Improving CBIR systems by integrating semantic features
Why this work is in the frame
A frame that forgets how it found something cannot be audited. These are the routes that admitted this work.
Bibliographic record
Abstract
Nowadays, access to information requires to manage effectively multimedia databases, and among challenges offered to scientific community since last decades, multimedia retrieval techniques (particularly images retrieval) are became an active research direction. Introduced to overcome the main drawbacks encountered by text-based images retrieval, which are the subjective and manual annotation of images, content based images retrieval (CBIR) systems index images according to low-level visual features such as color, texture, shape to retrieve similar images. However, despite the progress achieved in the content based image retrieval, in particular with the relevance feedback approach where the user refine the search via the specification of relevant or not relevant items, the current CBIR systems still have a major difficulty that it has yet to overcome: how to negotiate the "semantic gap"? This problem comes from the mismatch between their capabilities and the needs of users.

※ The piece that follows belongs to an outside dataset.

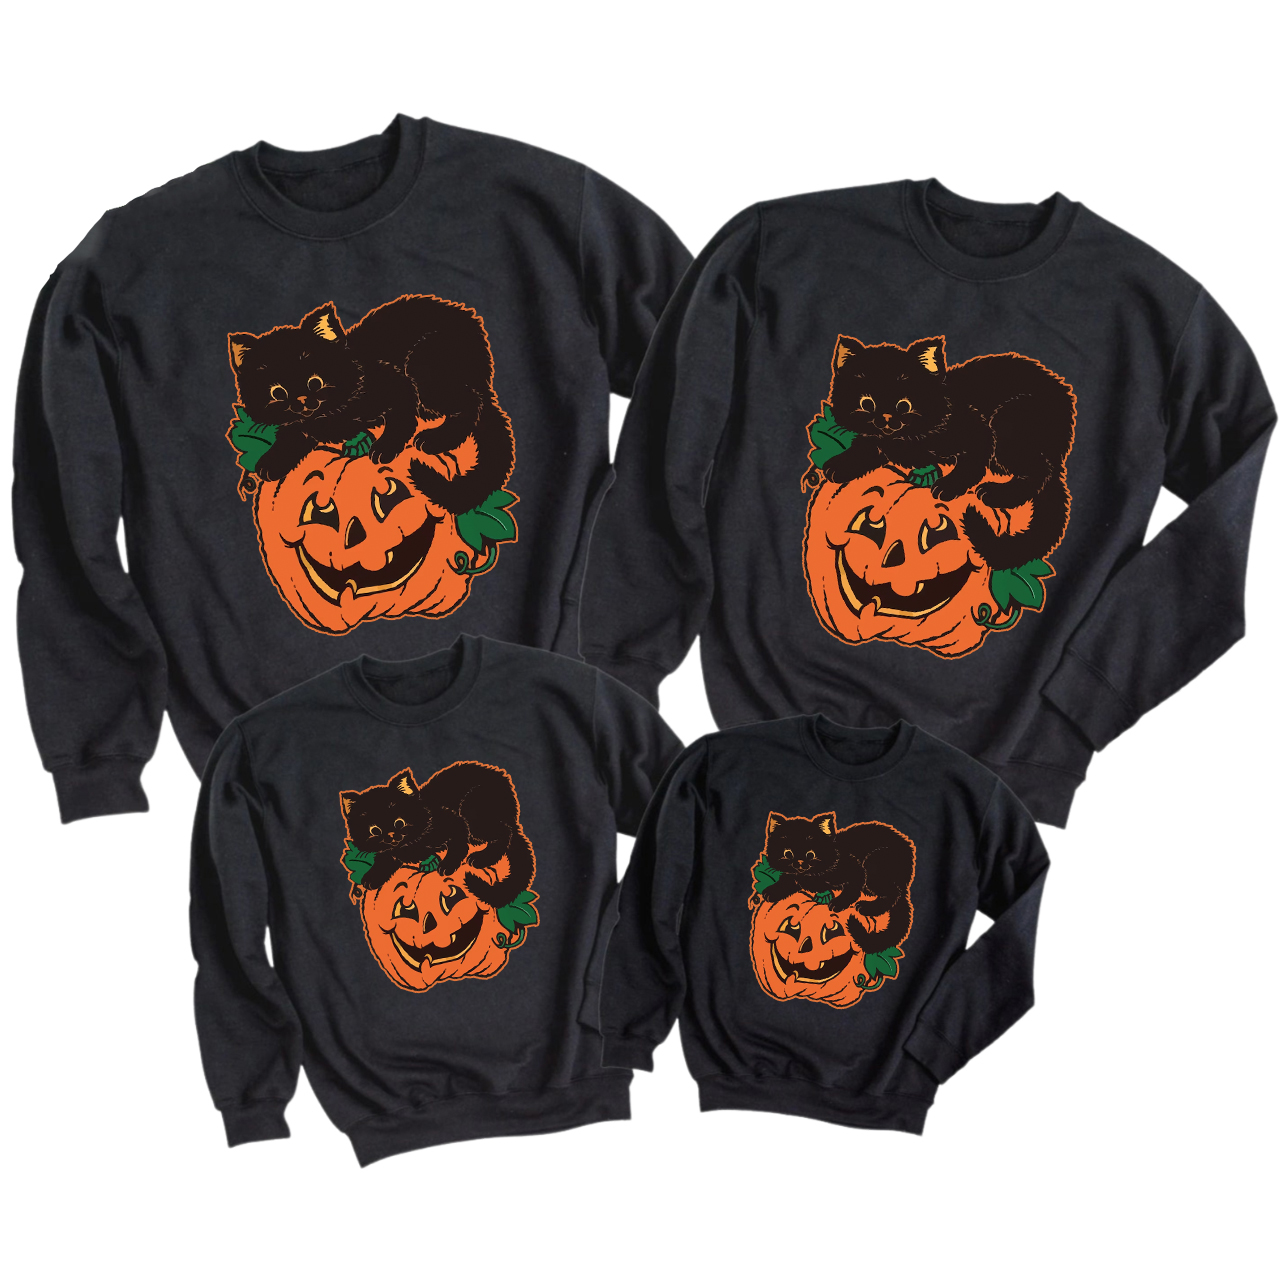 Pumpkin and Cat Halloween Party Sweatshirts

In this paper, we address the problem of how relate lowlevel features to high level to bring out semantic concepts from images. Our aim is to combine contentbased and metadata-based approaches for image retrieval from a user perspective to yield better results and overcome to the lacks of these techniques when they are taken separately. To represent the semantic content of images, we propose a model which takes account of the interaction between the user and the metadata. In particular, we model the semantic user' preference by analyzing its answers through the Relevance Feedback process. Furthermore, we introduce a new machine learning technique that modify the weights (i.e. relative importance) of metadata representing the semantic content of images.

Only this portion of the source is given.